● **Given material**
========

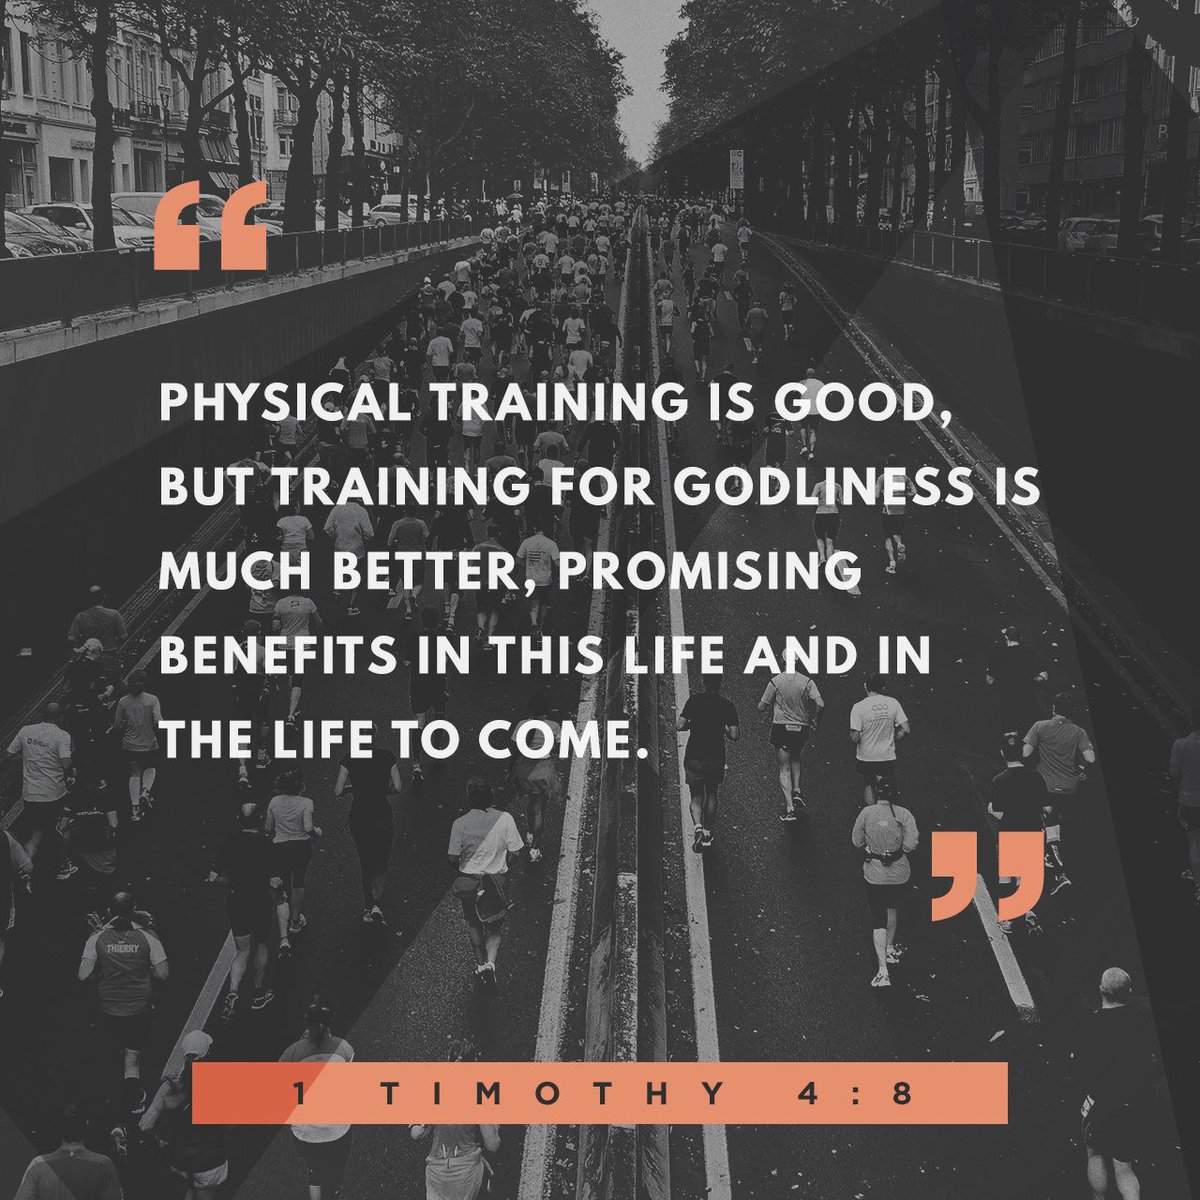 Isaiah's Insight-2/23:
Godly training outweights physical training for now and life eternal. #Train4God. #1Tim4v8.
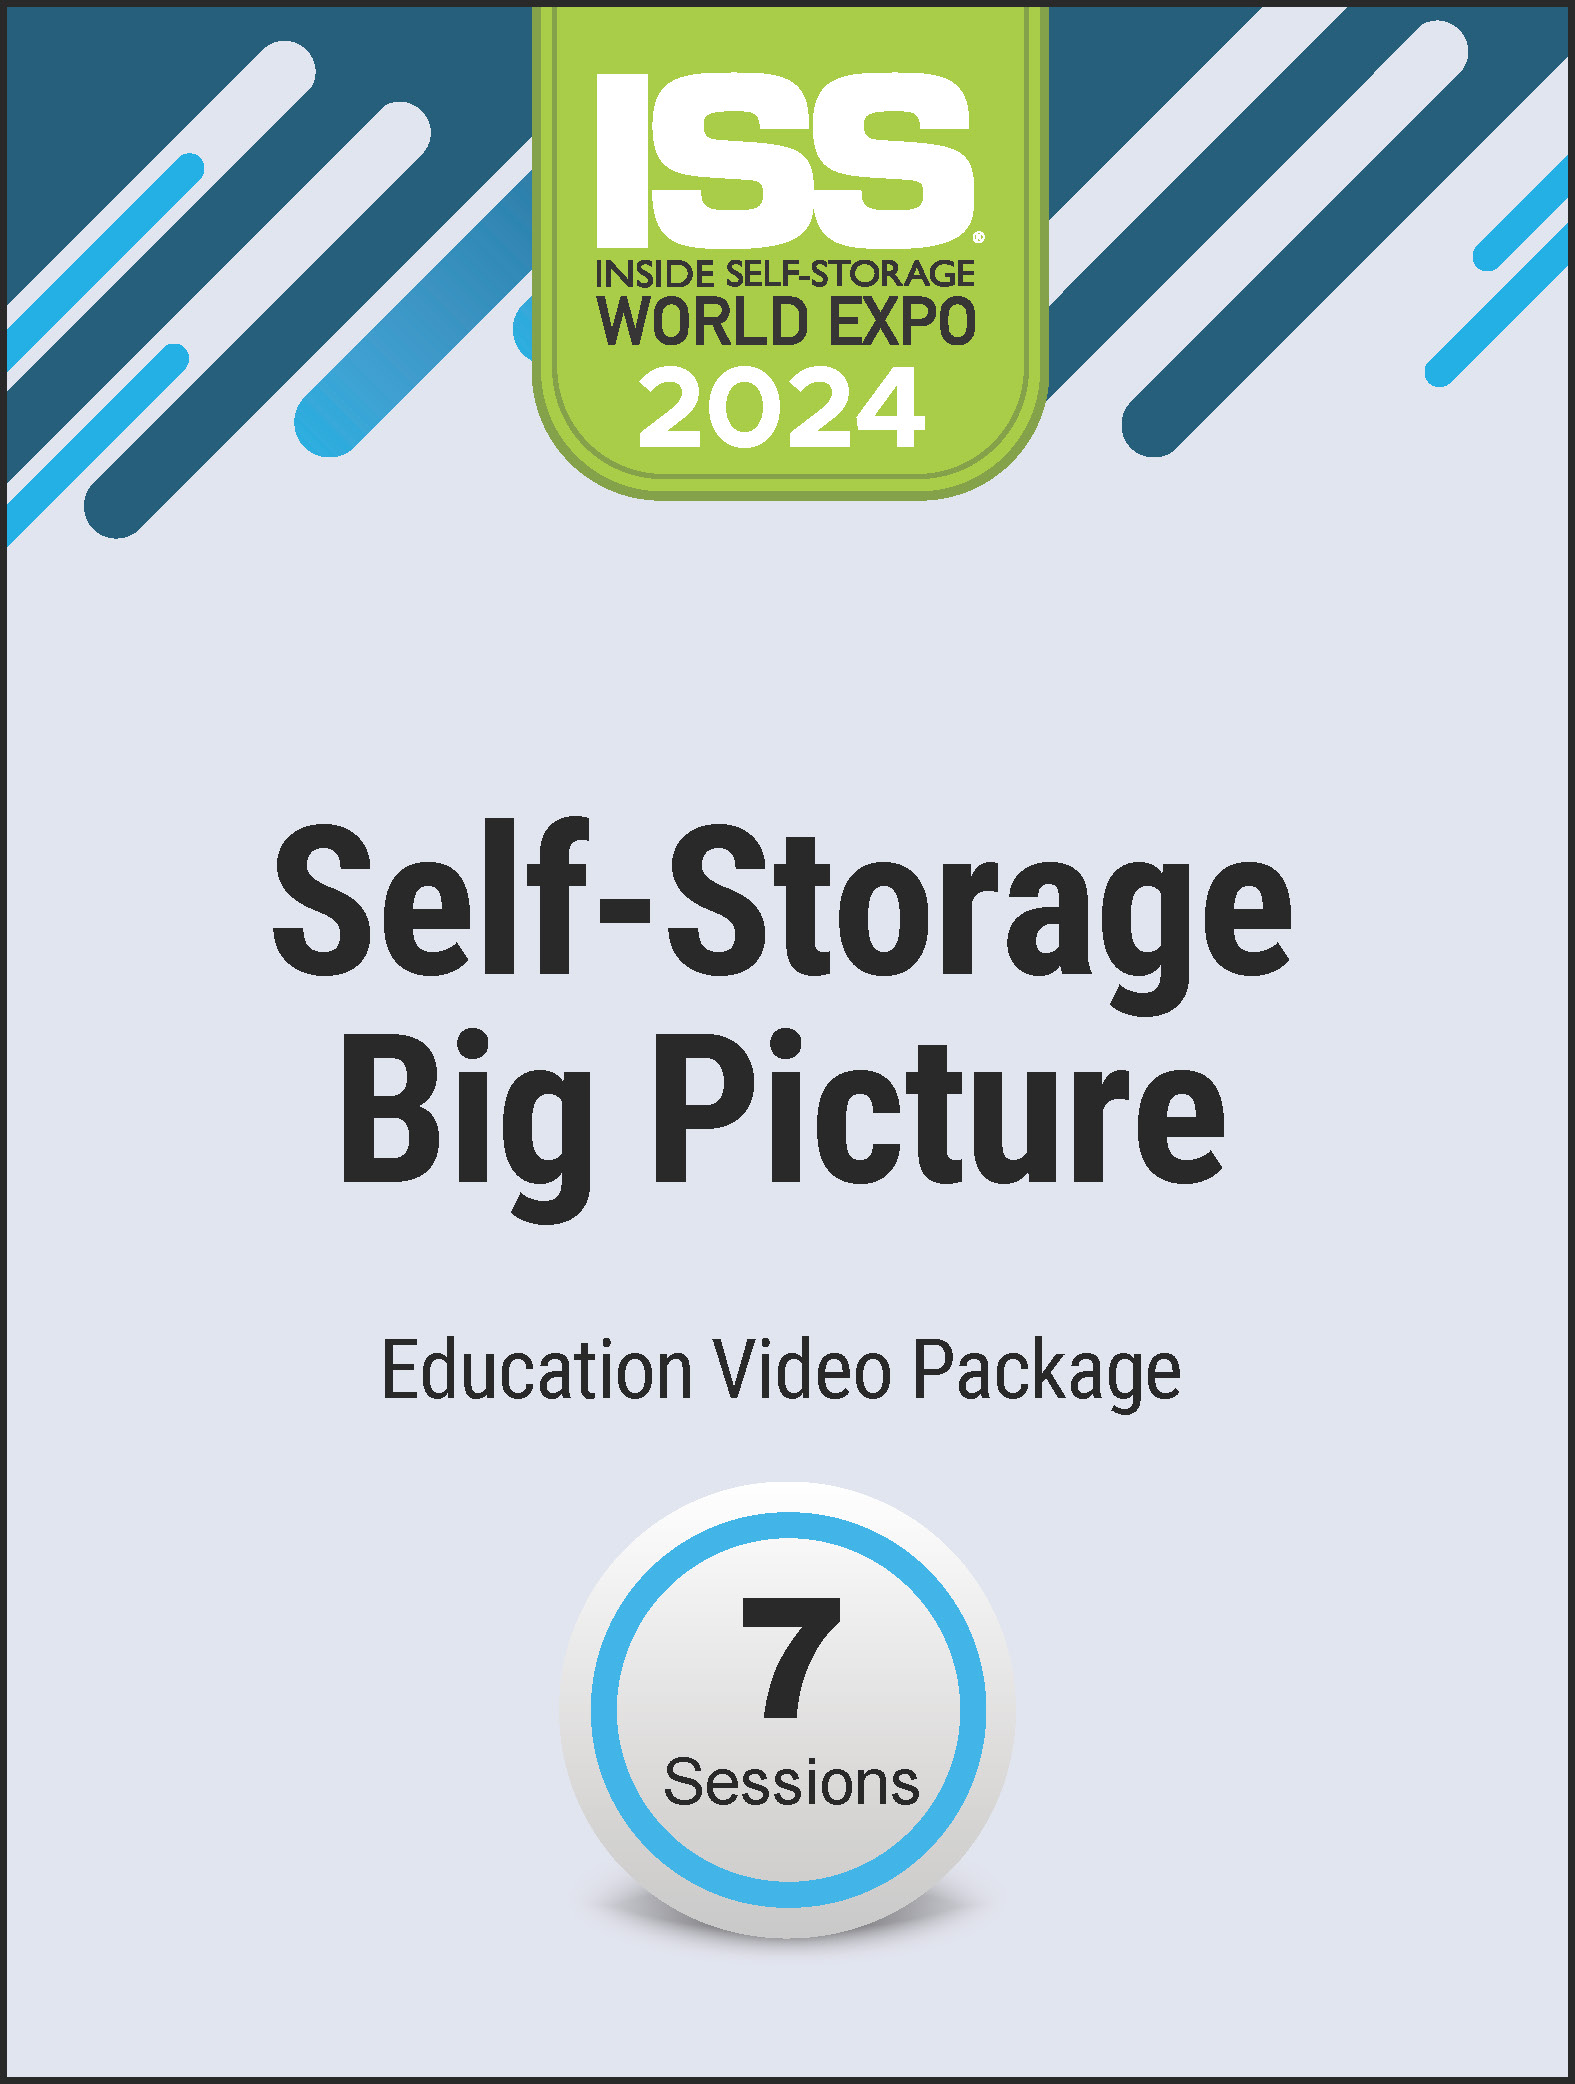 Video Pre-Order Sub - Self-Storage Big Picture 2024 Education Video Package
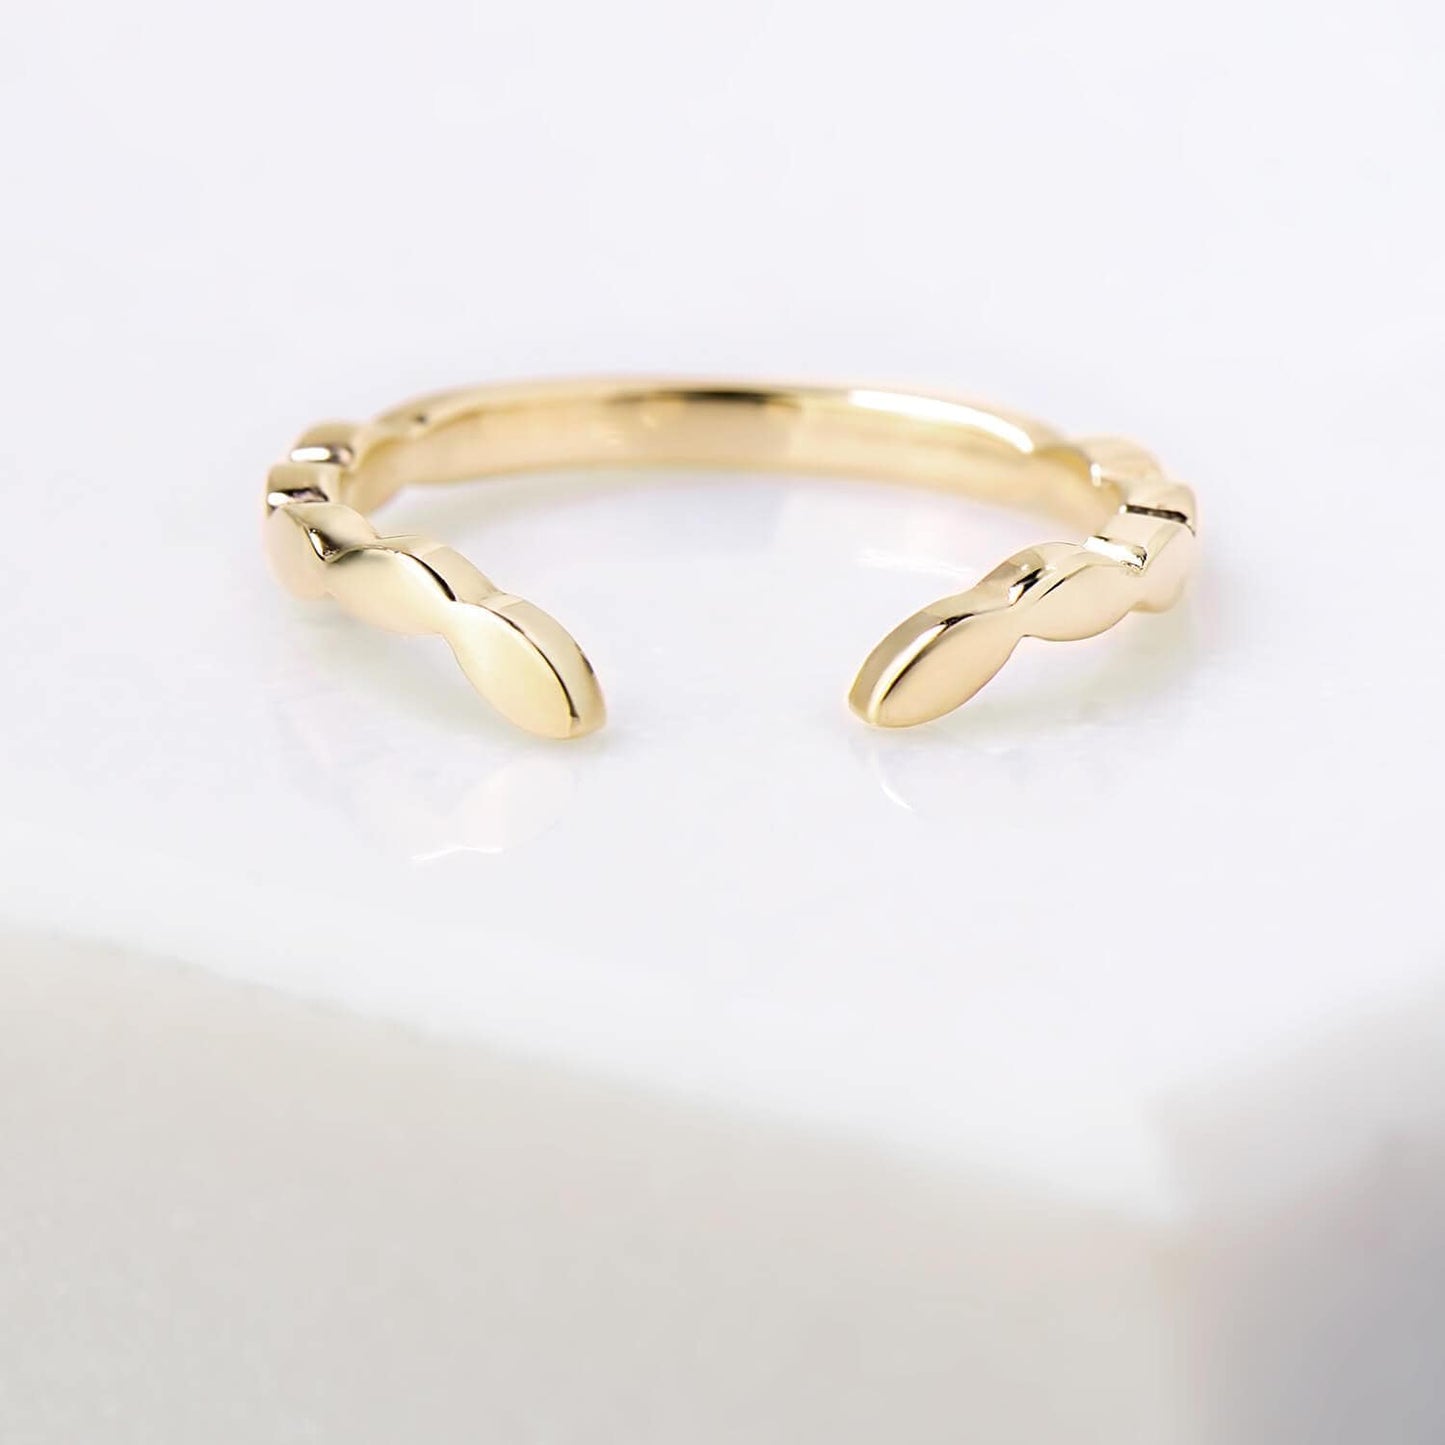 Chevron leaf profile, mirror finished 2 millimetre wide ring in 14 karat recycled yellow gold.

========

● **Task statement**
Every line from the one containing "Video Pre-Order Sub" to the end of the material above is to be returned exactly, with the pictures left out.

● **Solution to this problem**
 Video Pre-Order Sub - Self-Storage Big Picture 2024 Education Video Package
 Chevron leaf profile, mirror finished 2 millimetre wide ring in 14 karat recycled yellow gold.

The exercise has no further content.